Starker Tobak, aber wie der Tüncher so schön sagte: Die Zukunft wird's weisen.
Jung, männlich, fröhlich: der Biertrinker

Der "Gastgewerbe Gedankensplitter"-Weblog verweist auf eine kanadische Studie, die feststellt, daß Biertrinker extrovertierter sind als Weintrinker. Über die Ursachen dafür und die Folgen davon kann jetzt trefflich spekuliert werden. (Vgl. auch realbeer.com)
Schnellsegen in 6 Geschmackssorten

Für die MiPau oder den kleinen Hunger zwischendurch: http://blessed-bandwidth.net

Frieden, Sicherheit, Loslösung, Erleuchtung für jeden Geschmack. "Do not panic you. Are being watched"
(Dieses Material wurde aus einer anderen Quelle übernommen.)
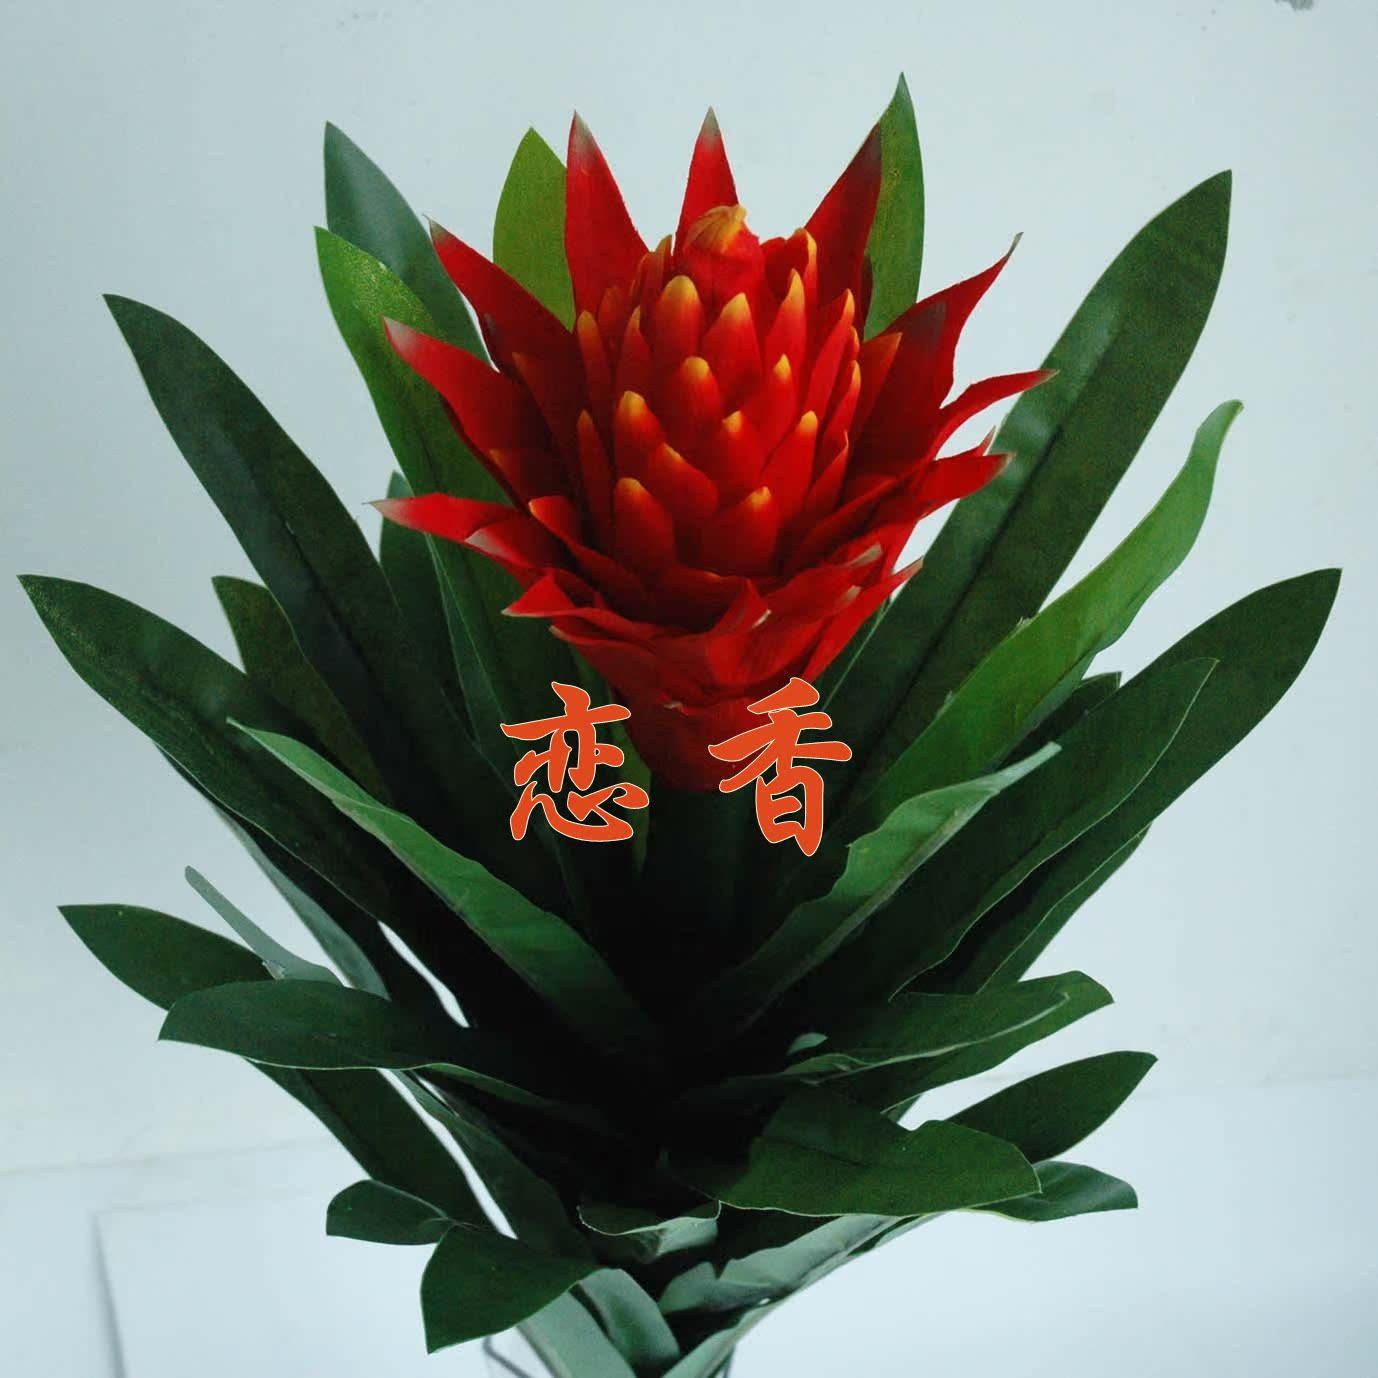 【恋香】鸿运当头 单头红 凤梨 火炬 红运当头红花仿真树植物盆景

(Heiliges Kabel - sueddeutsche.de)

11. November 2003

EE Cummings: if you like my poems let them...

if you like my poems let them
walk in the evening,a little behind you

then people will say
'Along this road i saw a princess pass
on her way to meet her lover(it was
toward nightfall)with tall and ignorant servants.'

(Dieses und über 140 weitere Gedichte von EE Cummings bei Plagiarist.com)

10. November 2003

Freut Euch auf Ulm!

Hoffnung und Aufbruch für Deutschland: Wer aus "Gottes Kraft" lebt, ist hübsch, neugierig, aufgeschlossen, positiv, lebenslustig. Vor uns die schöne neue Welt, das Reich Gottes und die Apokatastasis. Alles gleichzeitig.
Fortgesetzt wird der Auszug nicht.